Its like saying that memcache is faster than postgres.
they do different things for different purposes.
I still wouldn't trust redis for anything other than ephemeral storage. Most of the use cases where we use redis assume that the data will at some point go away. The places where we use postgres assume that data is permanent.
Infact, we use both together, and it works really well, best of both worlds.
Under normal circumstances Redis doesn't lose writes. If it did, we'd be able to detect it in metrics for cache misses or stale data. Our vector clock state machines wouldn't work. We have very fine monitoring for all of these classes of failure.
Operationally, we sequence Redis downtime events. They're very rare. This is when most would be concerned about losing data.
We shift traffic to be hitless. Our model is eventually consistent across multiple regions. We won't accept writes in a cluster that is going down.
The Redis replication chain was chosen so that the primary Redis doesn't have to fork (aofrewrite, bgsave) or even do disk IO (AOF ops in general). We let our offline replicas do that work.
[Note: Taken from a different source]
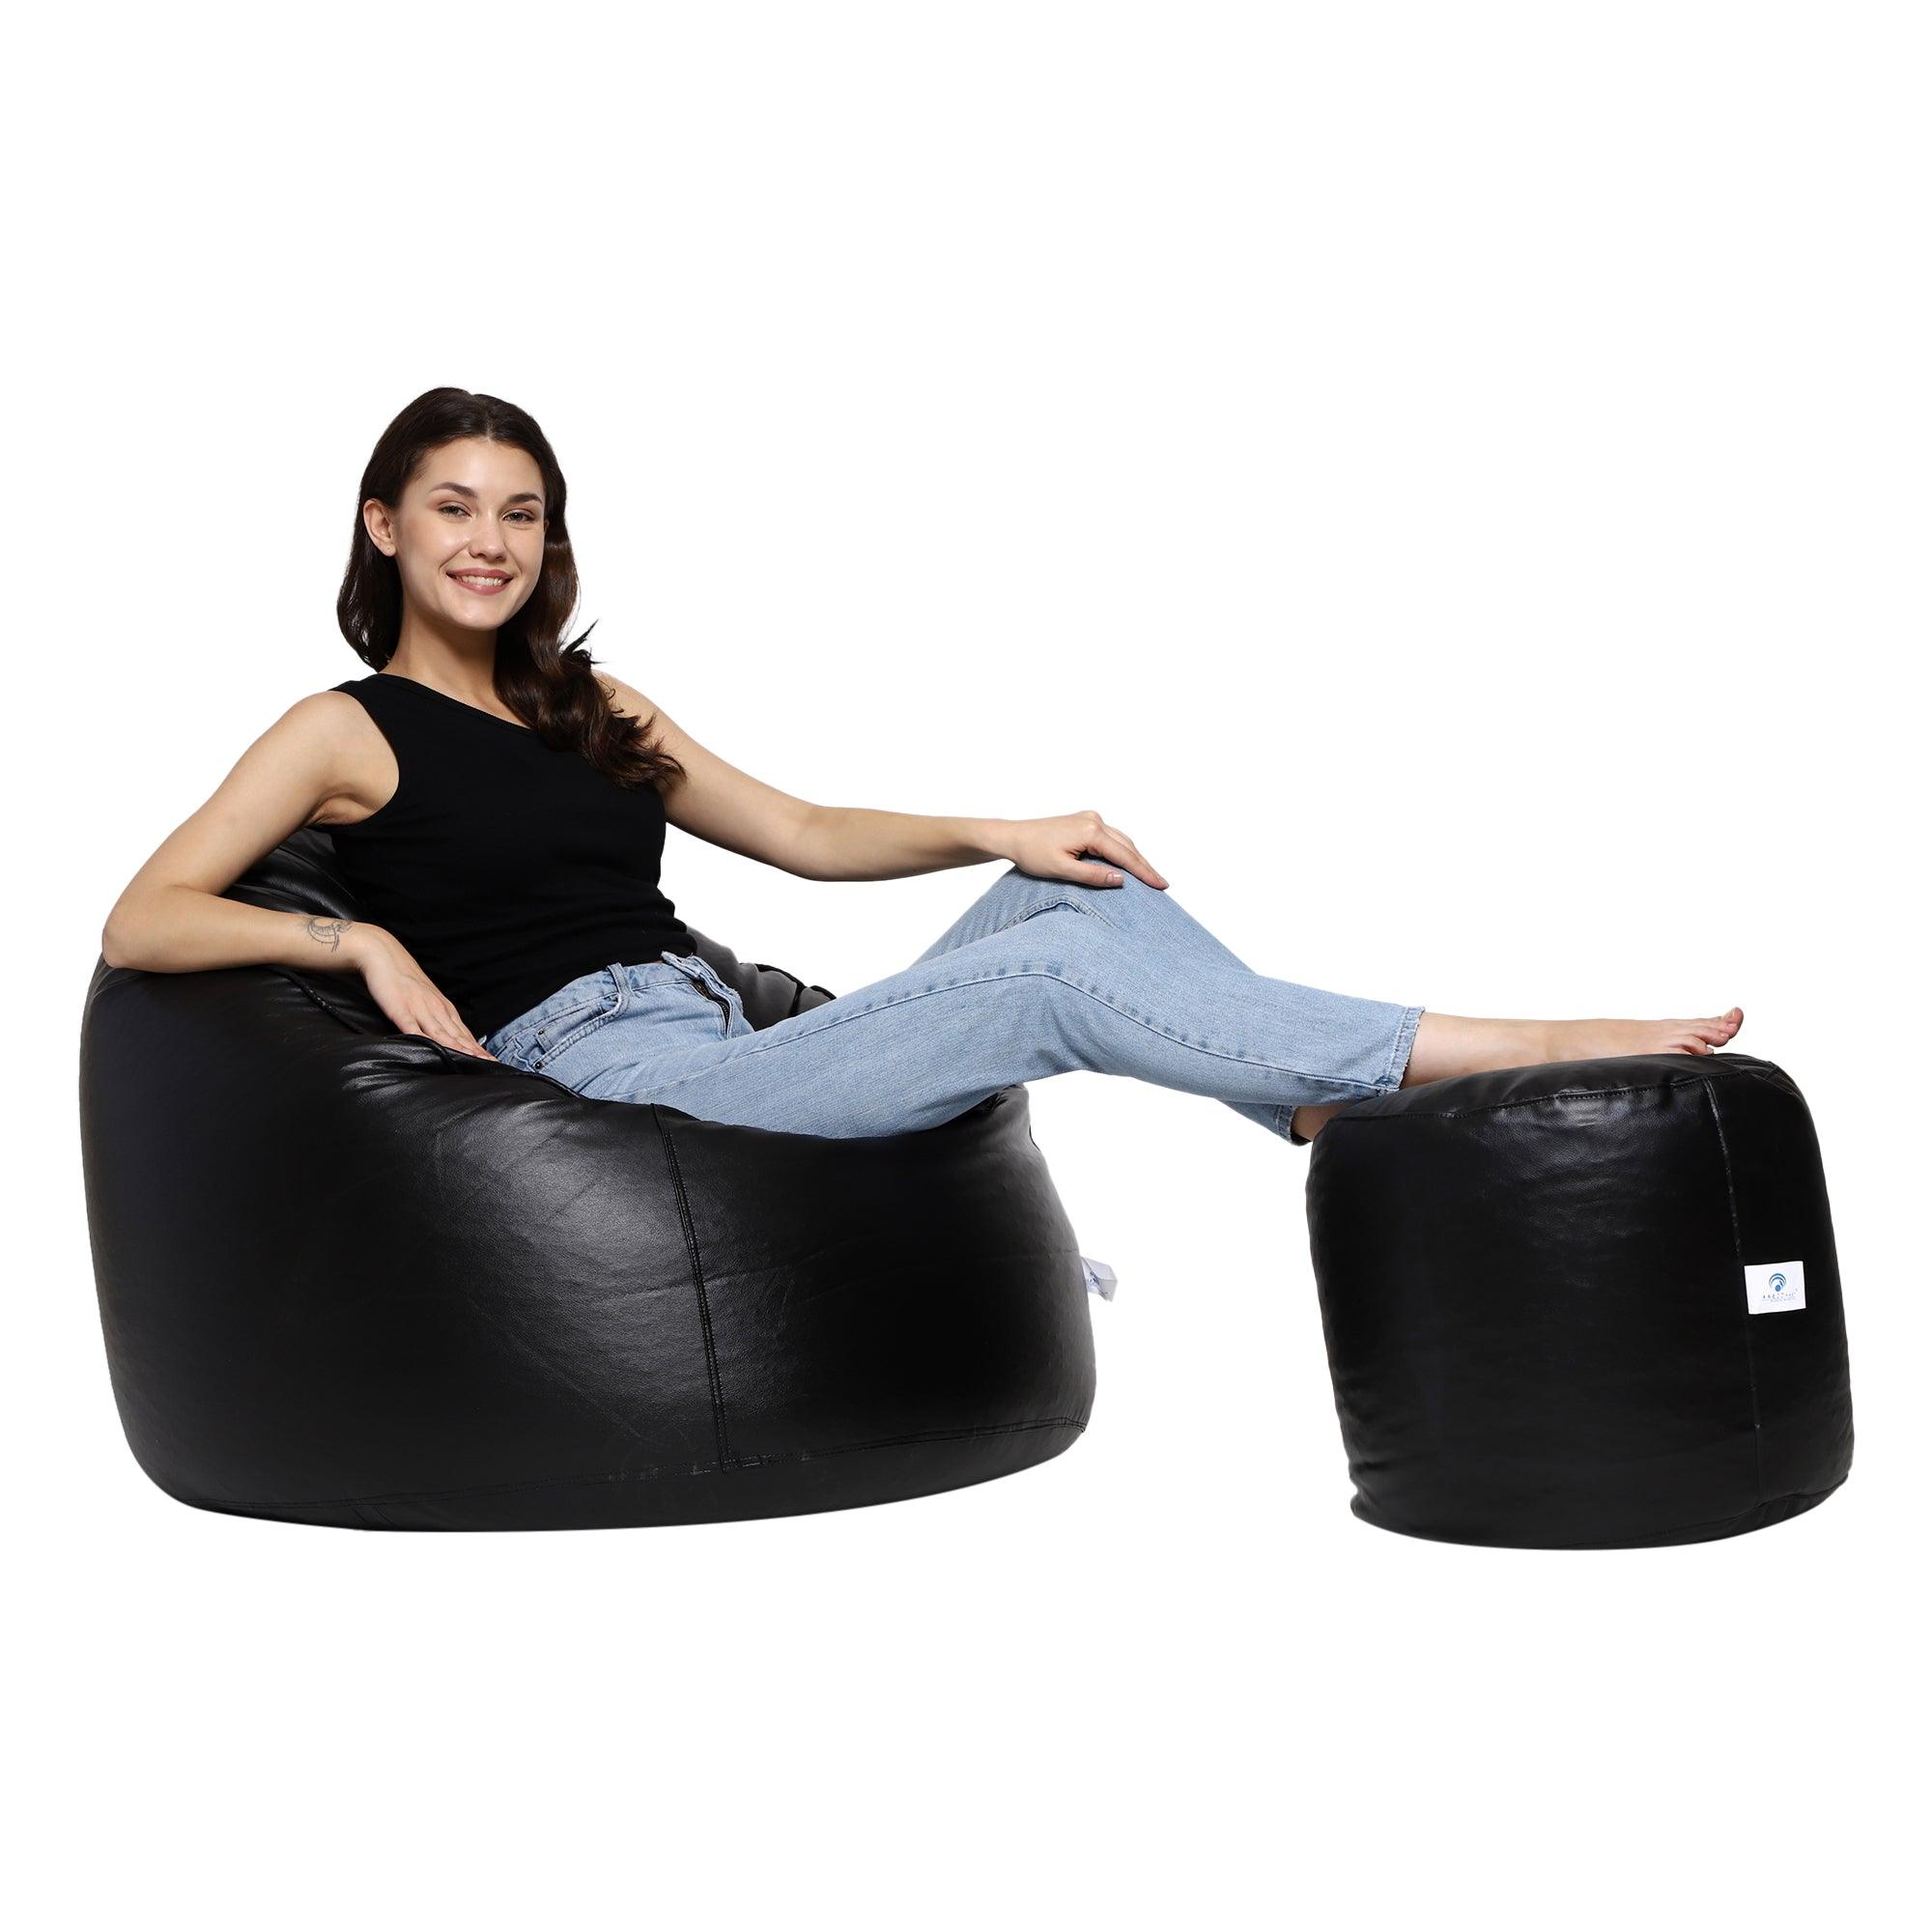 Aarij Mart Xxxl Filled With Beans Chair Sofa Bean Bag N Footrest Combo Set  (faux Leather) (tan) at Rs 2499.00

The primary Redis can focus on serving reads and writes.
We alert on replication chain breakdown. We sequence traffic draining and primary / secondary swap operations for things like OS or Redis upgrades.
It's pretty sophisticated and largely automated.
This model tolerates losses of Redis instances. Only writes to the primary occurring in the short time before replication while not failed out might be lost. But that number would be incredibly, incredibly small. We would tolerate such losses.
We've got a lot of nines of reliability, and this pattern has scaled and served us well.
> We've never encountered data loss issues with our read and write heavy Redis services
> We would tolerate such losses
In the context of the original concern, these are conflicting statements.
The underlying argument here is that you shouldn't use redis for anything you can't tolerate losing. Your use case and architecture is great and I'm glad it works well for you. But at the end of the day, there are workloads that can't tolerate such losses. And for those cases, redis is not a good fit.
It's faster, but only under the specific design condition of both having to wait for storage to finish and not caring about differences between the presented storage options.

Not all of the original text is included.